Syncthing has an elegant decentralised peer-to-peer design. It is mostly simple and friendly to use, although I spent too long reading the manual and being intimidated to dive in and discover that.

Granularity is per-folder-per-machine — each shared folder (and all sub folders) is a separate share. It doesn’t support iOS. It doesn’t support archiving stuff to USB keys or semi-offline stores, or multiple copies of the same folder on one machine.

Stated design criteria:

• Private. None of your data is ever stored anywhere else than on your computers. There is no central server that might be compromised, legally or illegally.

[Editorial note: Note that, if any of your machines are compromised your attacker still gets the data on that machine. It’s not magic. It’s simply that you don’t have to worry about a whole other copy of your data being on a server owned by some faceless third party who may or may not not have acceptable confidentiality practice.]
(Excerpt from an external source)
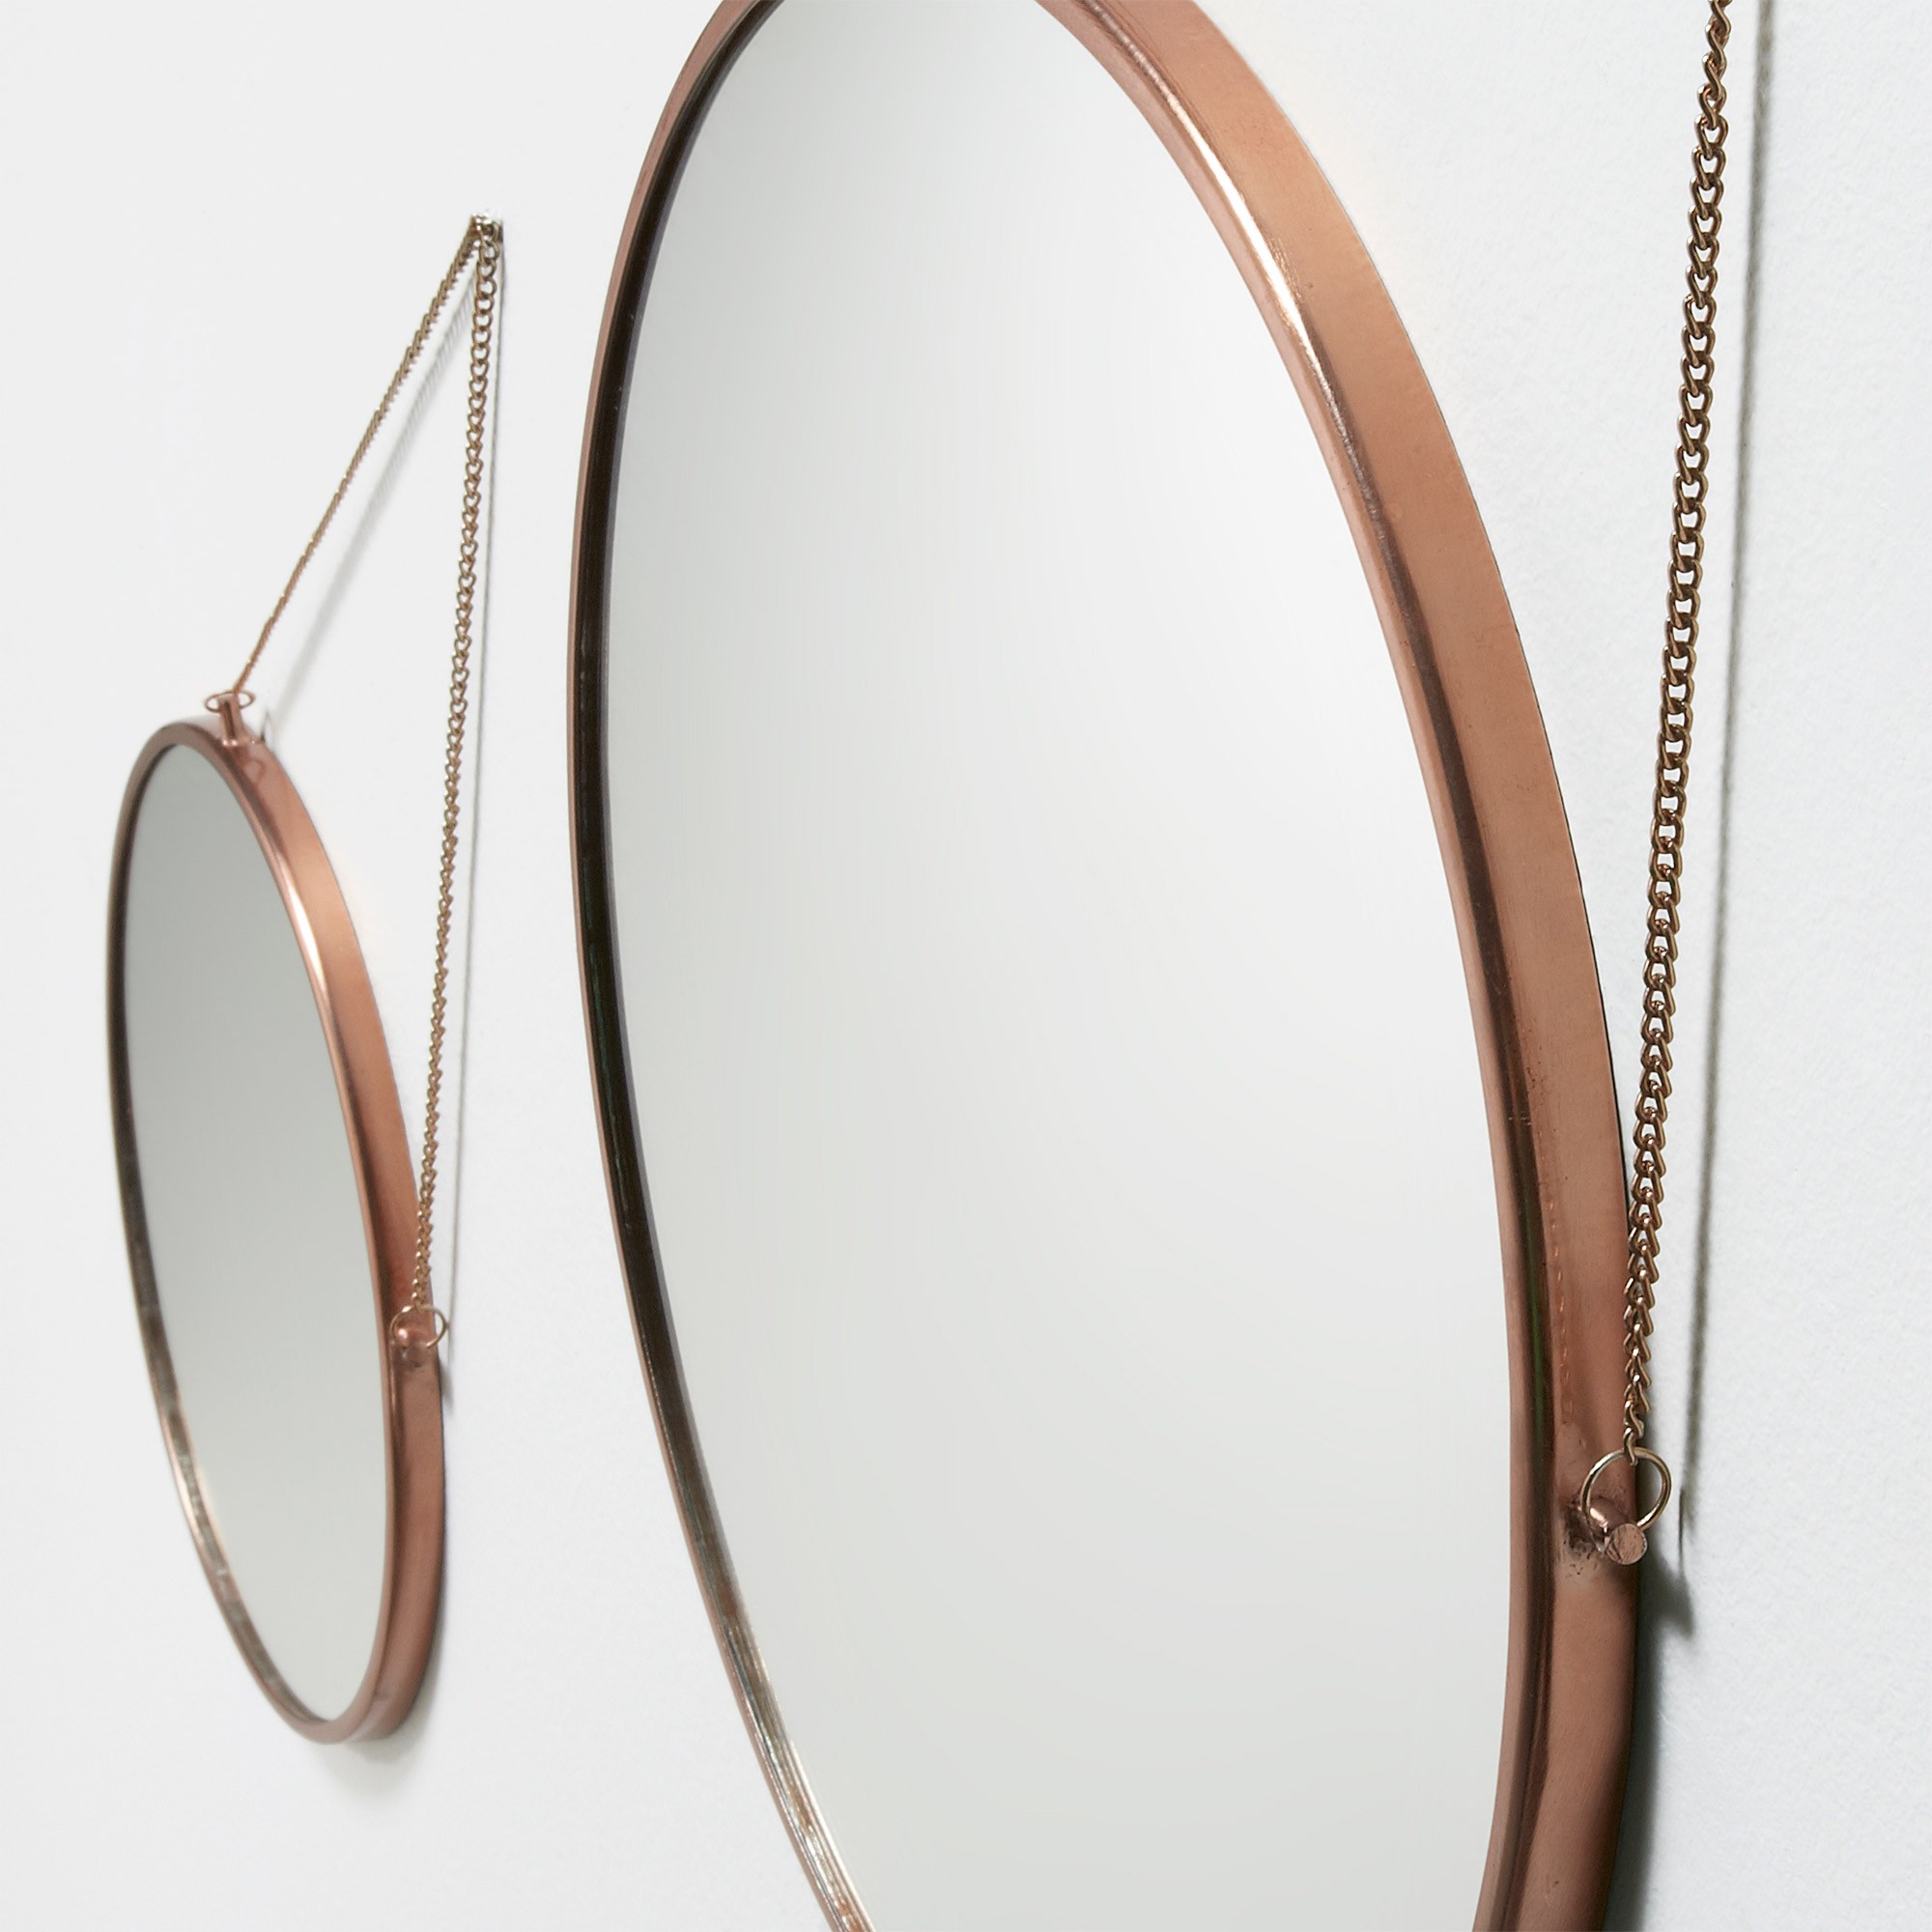 Купить комплект зеркал. Зеркало la forma. Набор круглых зеркал. Круглое зеркало на ремне. Стильные зеркала на подвесах.
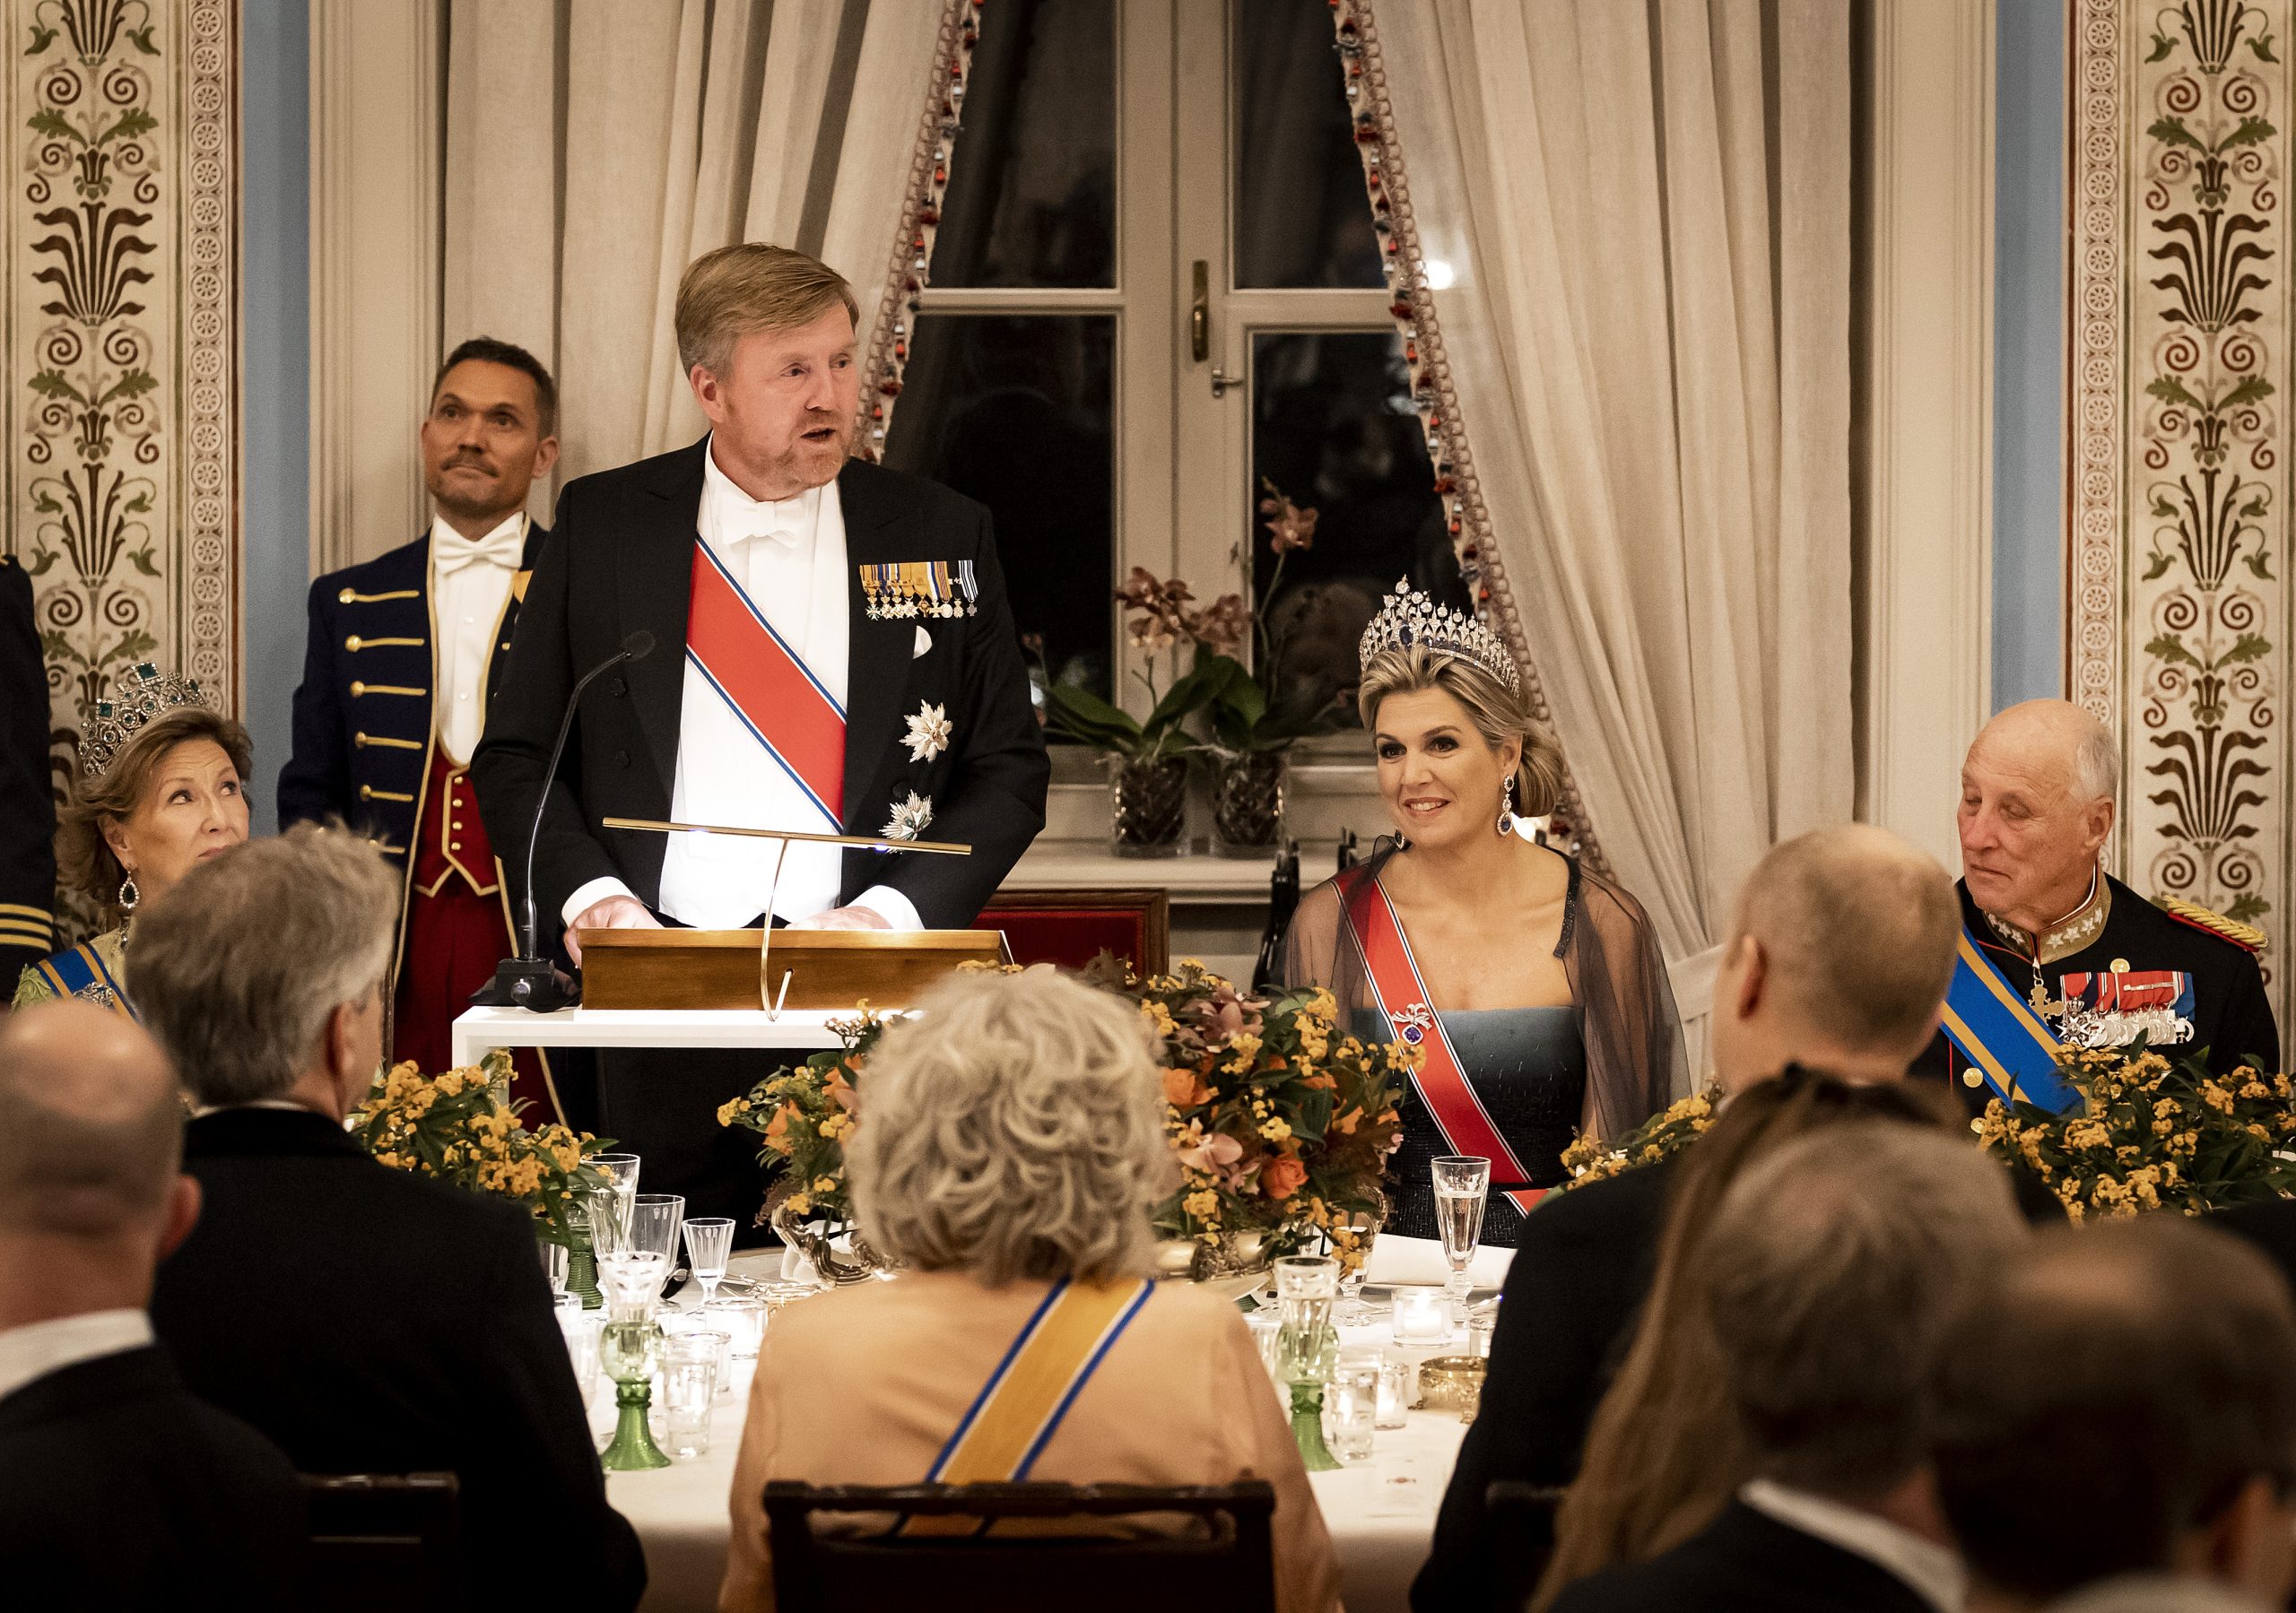 Staatsbezoek koningspaar aan Noorwegen

• Encrypted. All communication is secured using TLS. The encryption used includes perfect forward secrecy to prevent any eavesdropper from ever gaining access to your data.

• Authenticated. Every node is identified by a strong cryptographic certificate. Only nodes you have explicitly allowed can connect to your cluster.

You probably want to set the following files ignored in your .stignore, file if you don’t want it to synchronise a little too aggressively.

// From Windows
$RECYCLE.BIN System Volume Information$WINDOWS.~BT
pagefile.sys
desktop.ini

// From OS X
Icon?
.Spotlight-V100
.Trashes
(?d).DS_Store
.fseventsd
(?d)._*

// From Linux
lost+found
.gvfs
.local/share/trash
.Trash-*
.fuse_hidden*

There is a CLI syncthing manager for your remote cloud instances, the named syncthingmanager. It has a macOS client.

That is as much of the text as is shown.